Following its first year anniversary on October 11, Nō Studios will present a two-day Social Justice Summit on November 15 and 16 to help residents of Milwaukee build personal relationships, encourage ongoing conversations with individuals who want to identify social issues, and match them with others who are skilled in solving community problems.

“Roger Ebert, who is often thought of as a film critic but I believe to be one of the greatest film journalists, said that ‘at its best, art is an apparatus for delivering empathy. It lets you understand a little bit more about different hopes, aspirations, dreams, and fears. It helps us to identify with the people who are sharing this journey with us.’” said Ridley. “Art can bring people together, and let them feel things together. Sometimes it’s just laughter and good times. Sometimes a subject is so challenging that folks don’t want talk about it. But the experience stays with them when they walk out of that space, and drives them to do more to find solutions. So for us at Nō Studio, we wanted to create that kind of experience in this space.”

Ridley and Lisa Caesar, his sister and chief operating officer of Nō Studios, told the attending media and special guests that they felt their goal of turning Milwaukee – their hometown – into a film hub was part of the motivation for the summit, and its goal to uplift the community.

“The intent of Nō Studio was to be a creative hub, and enable the community to embrace this idea and elevate it to a new level. This is where I grew up, and my brother and I are very committed to investing in Milwaukee’s future,” said Caesar. “After being in Milwaukee over the past year, it really crystalized that if we did not stand for something then we stand for nothing. If we are not making a statement, then we are complicit in the absence of statement. So I think the summit is an extension of what we are doing here.”

The summit is entitled “Art Activated,” which represents the purpose of combining art with activism. It will bring together artists of different disciplines – filmmakers, photographers, musicians, dancers, and more – who use their talent and vision to create works that not merely entertain, but also focus the audience on pressing social concerns: poverty, trafficking, bias related crimes, economic disparity, and such. The difficult subject matters are made less distancing through the emotionality of the artists. Activists and academics will discuss the lived experience of disenfranchisement and offer solutions to some of the most pressing social justice issues affecting Milwaukee, the nation, and the world.

At the same time, the summit will include and involve organizers and social engineers practiced in implementing real world solutions to social issues. The summit wants to deliver concrete proposals to the widest group of energized individuals possible, who can then take those ideas back to their localities, and put them into action. The Social Justice Summit will be an opportunity for like minded individuals to cross-pollinate over a wide range of topics, with the goal of taking engagement and emotion, and turning them into practical and ongoing solutions.

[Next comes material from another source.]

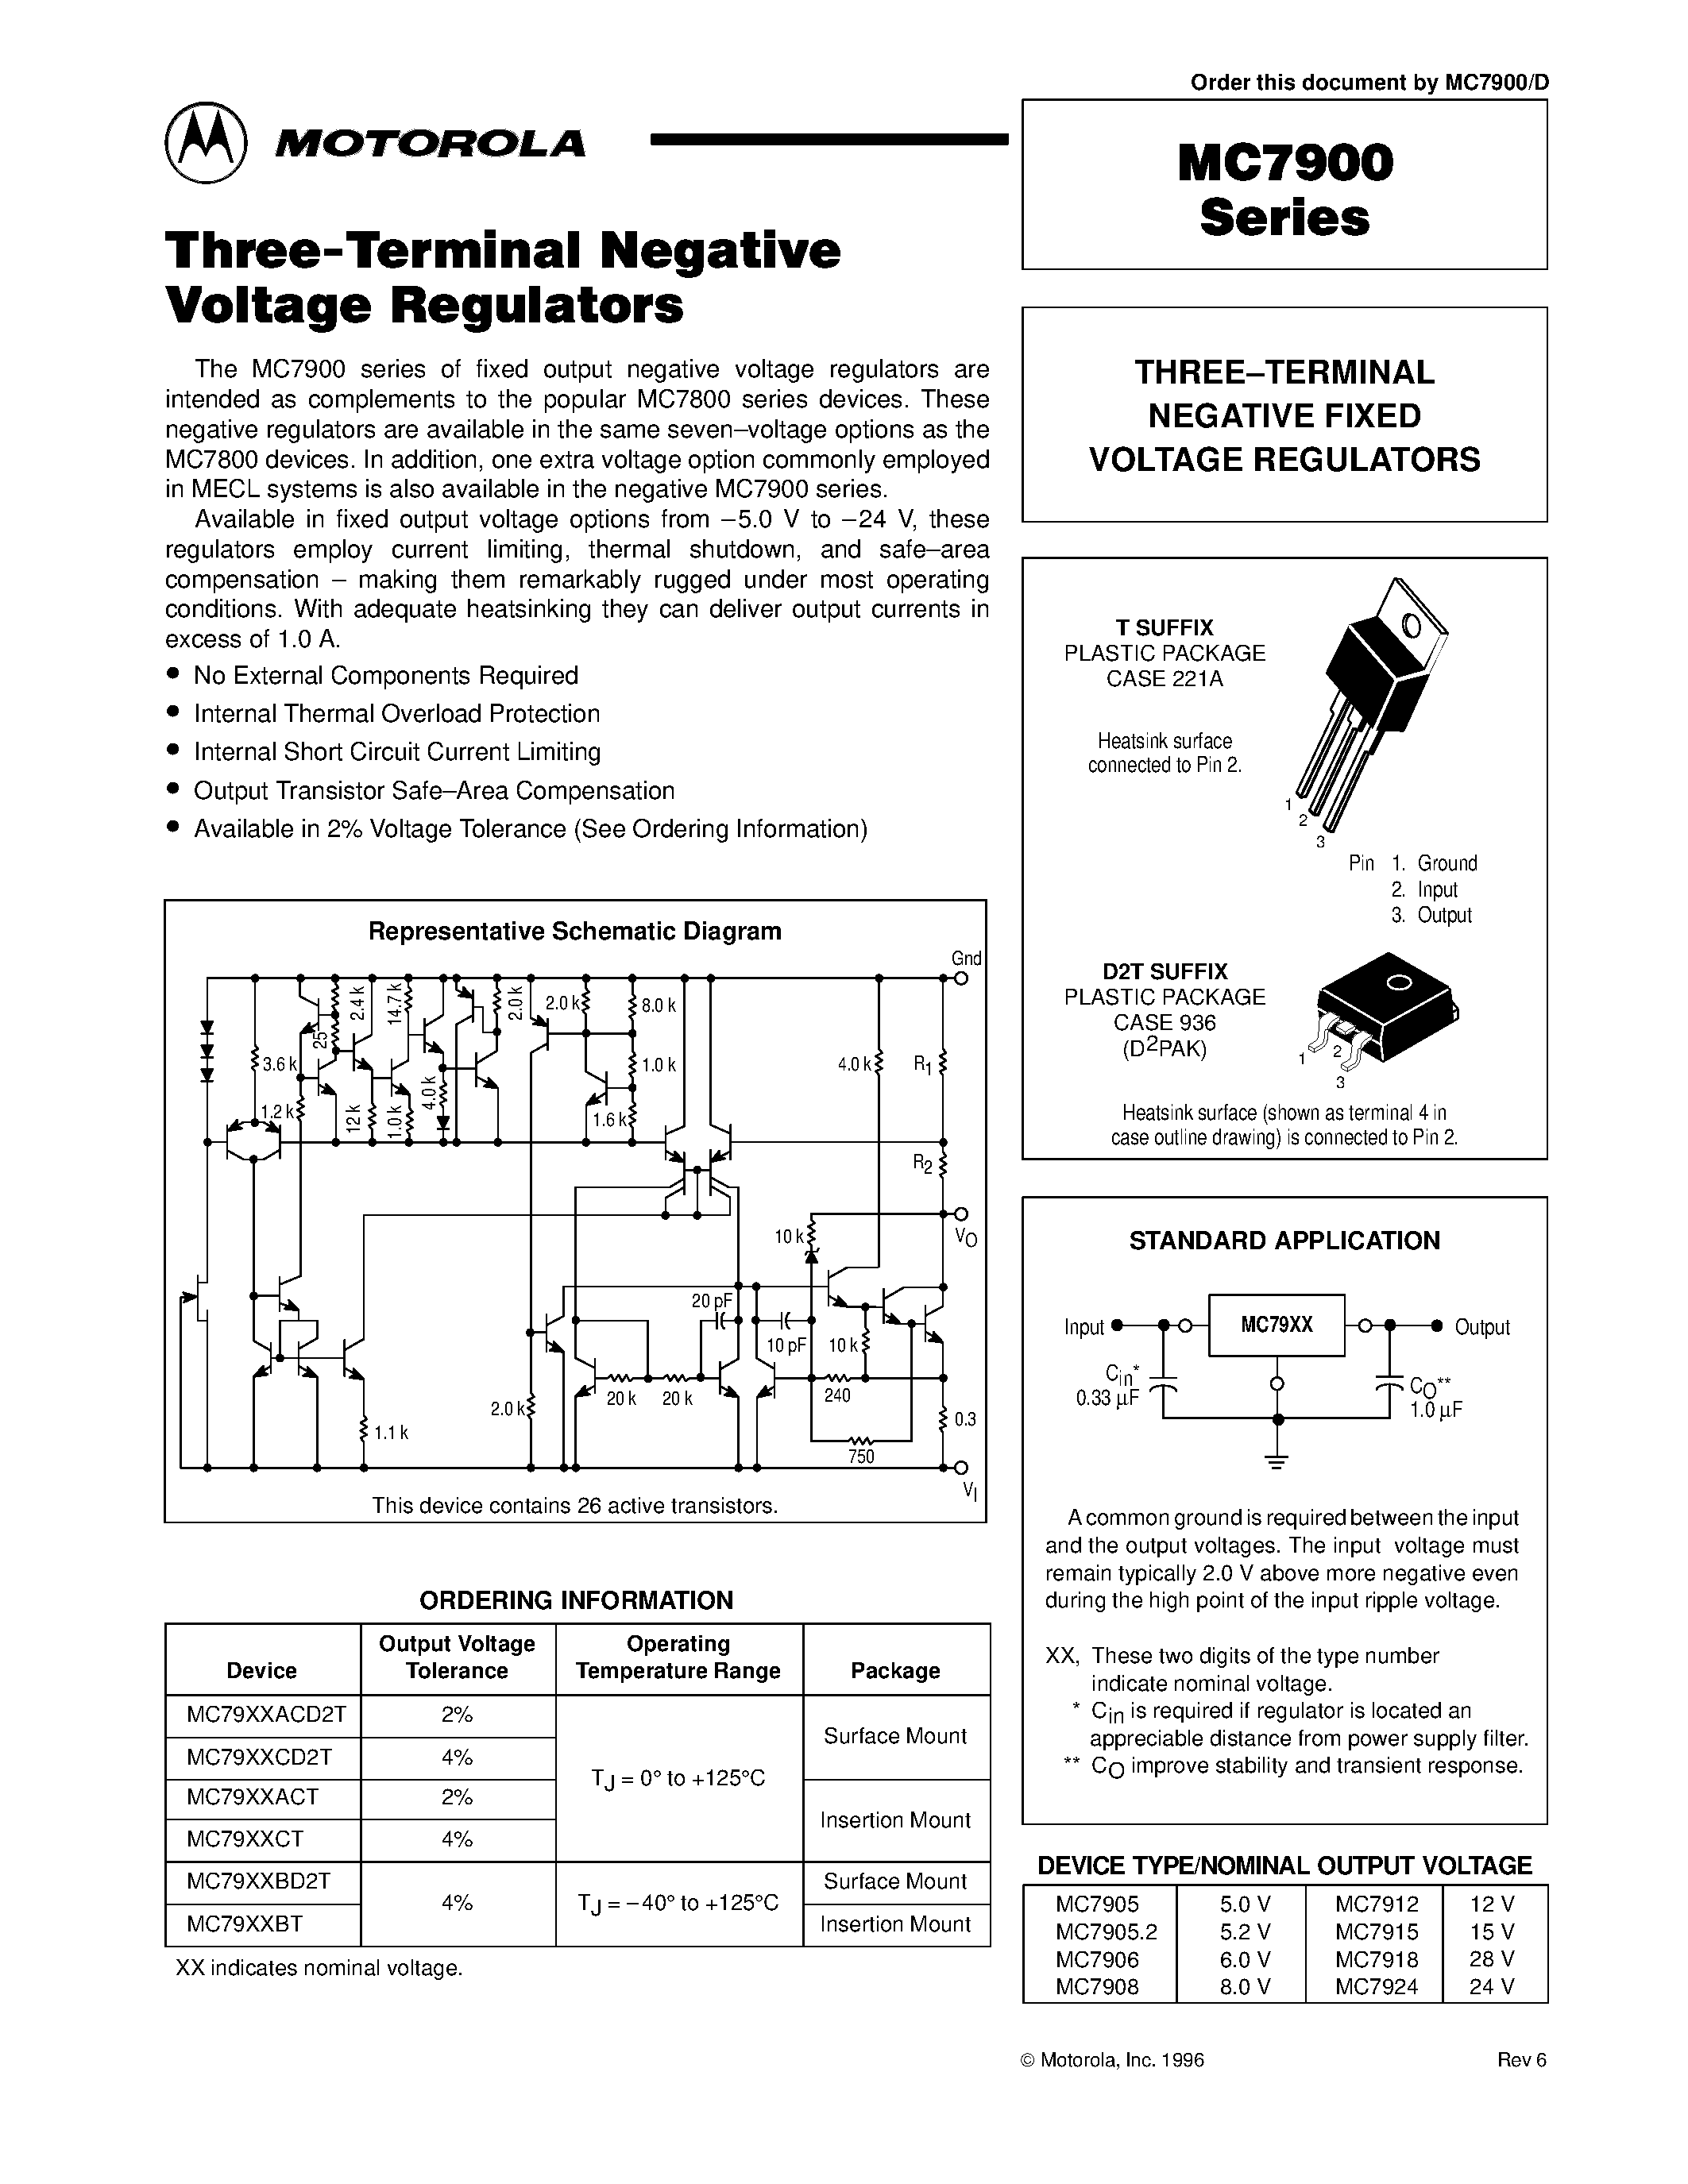 Datasheet MC7906BD2T - THREE-TERMINAL NEGATIVE FIXED VOLTAGE REGULATORS page 1

“When people come together and have a community experience, it’s about sharing the experience of feeling. It’s something that can’t be expressed in words, it can’t be quantified. It’s just there. You know when you feel, and share it together,” said Ridley.

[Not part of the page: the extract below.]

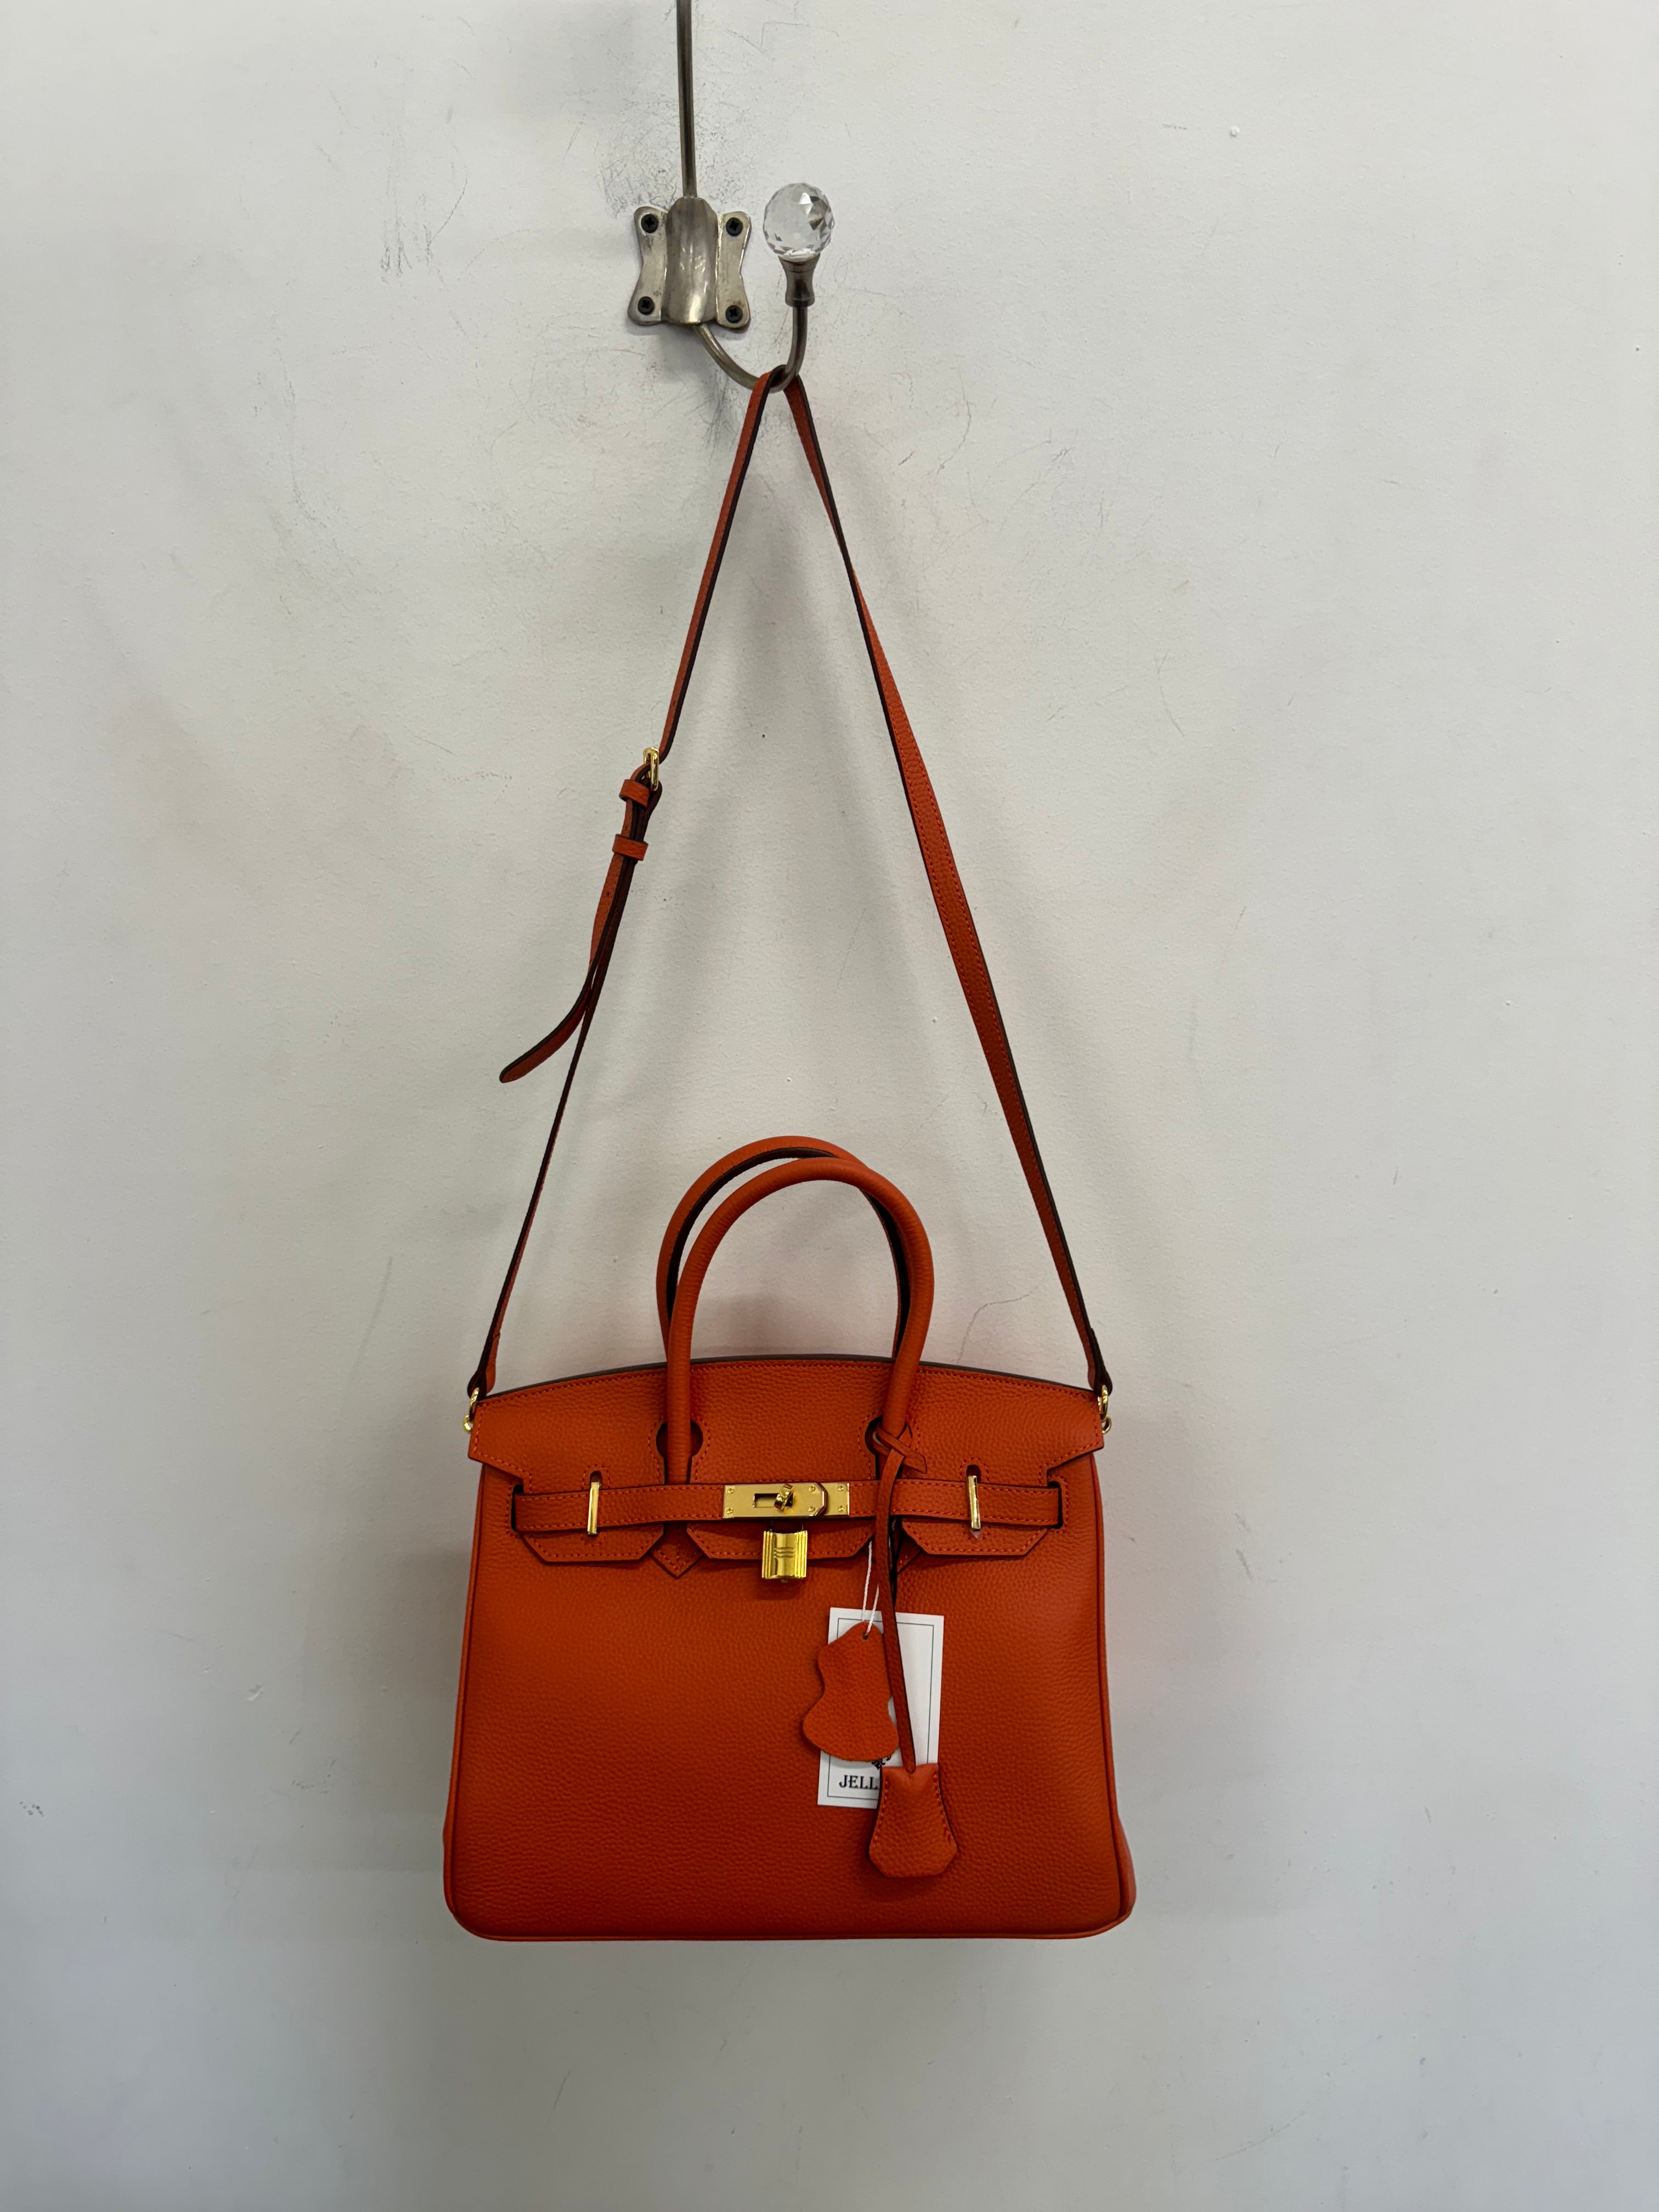 Jellicoe Priscilla Leather Handbag Orange

“There’s no more urgent need in our world today than people who are ready to stand up and fight to make a difference. People do this in different ways because we all have different skill sets. Our ability is artistic, which is not always a solution to every problem. But art is a platform to share our commonality. Art offers the ability to express and understand empathy, spending time with other people to explain things, and be in their space in a very unique way. That is something that art can do.”

The takeaway from the Summit would be that whatever issues people are facing, they are not facing them alone. And while every circumstance is unique, the reality is that underlying causations and results of bias, poverty, disenfranchisement are sadly universal. Many people in many places face them, endure them, and overcome them. So if people unite, then together people can overcome.

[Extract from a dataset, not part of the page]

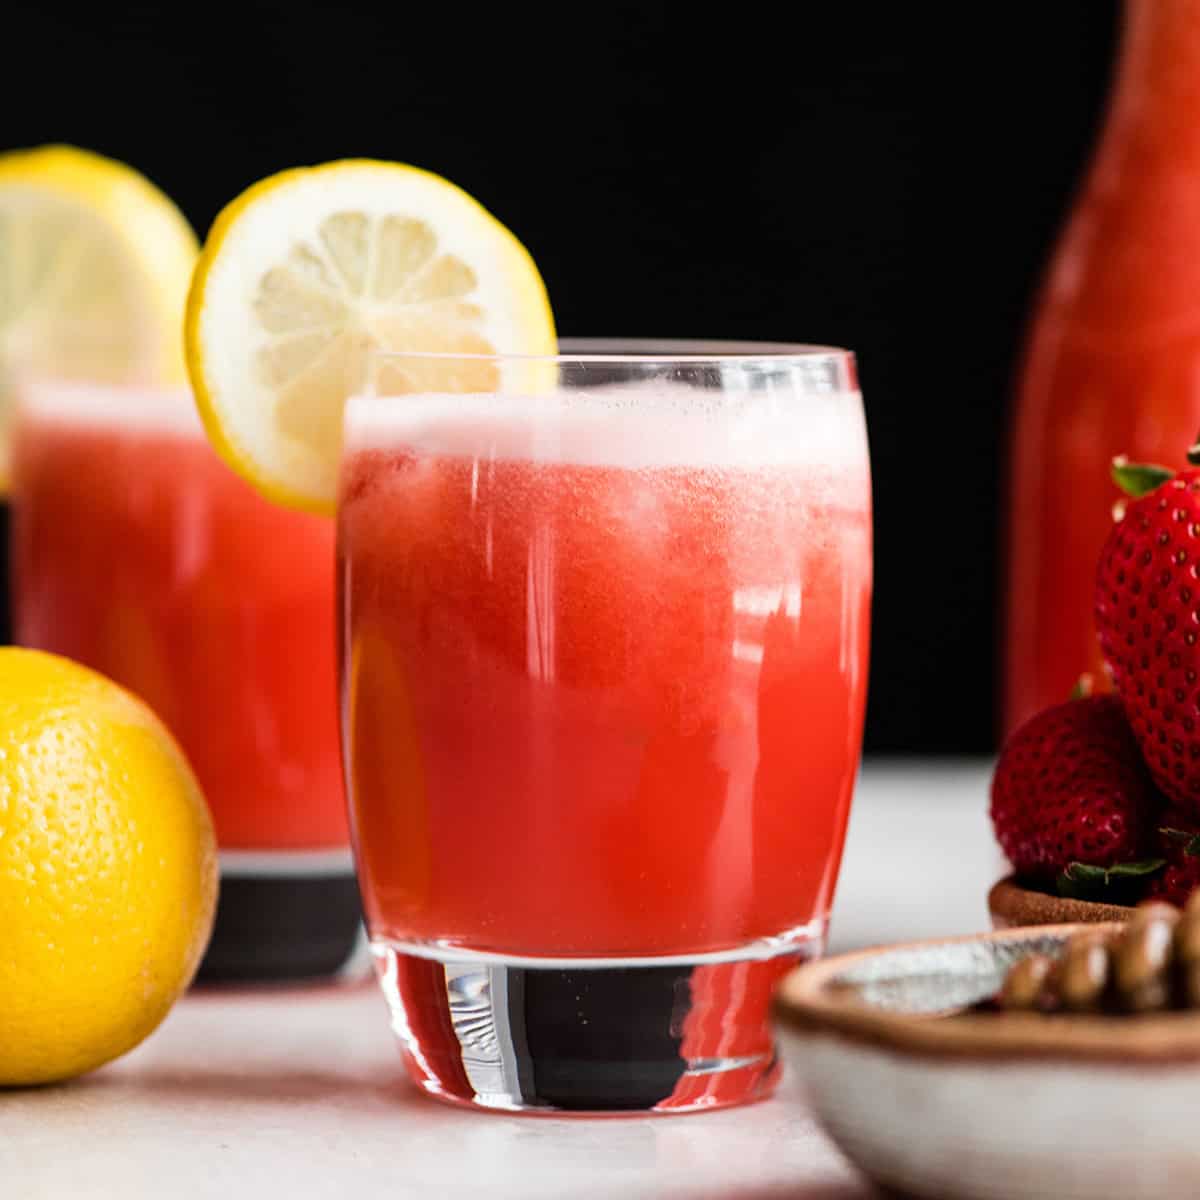 Homemade Strawberry Lemonade in a glass

Presentations and panels at “Art Activated” will focus on criminal justice reform, human trafficking, fair housing, and art as a form of protest and repair. Notable speakers and participants include: actors and activists Freida Pinto (Slumdog Millionaire, Guerrilla) and Richard Cabral (American Crime, Mayans M.C.); Frank Almond, Concertmaster of the Milwaukee Symphony Orchestra and subject of the documentary Plucked; author, producer and television host Chrishaunda Lee Perez; founder of Uganda-based Children of Peace, Jane Ekayu; Nancy Yarborough, founder and executive director of Fresh Start Learning in Milwaukee; activists, poet and Professor Peggy Rozga; professors Michael Dinwiddie, and Millery Polyne and Kristin Holton from NYU’s Gallatin School, among others who are still being scheduled to attend.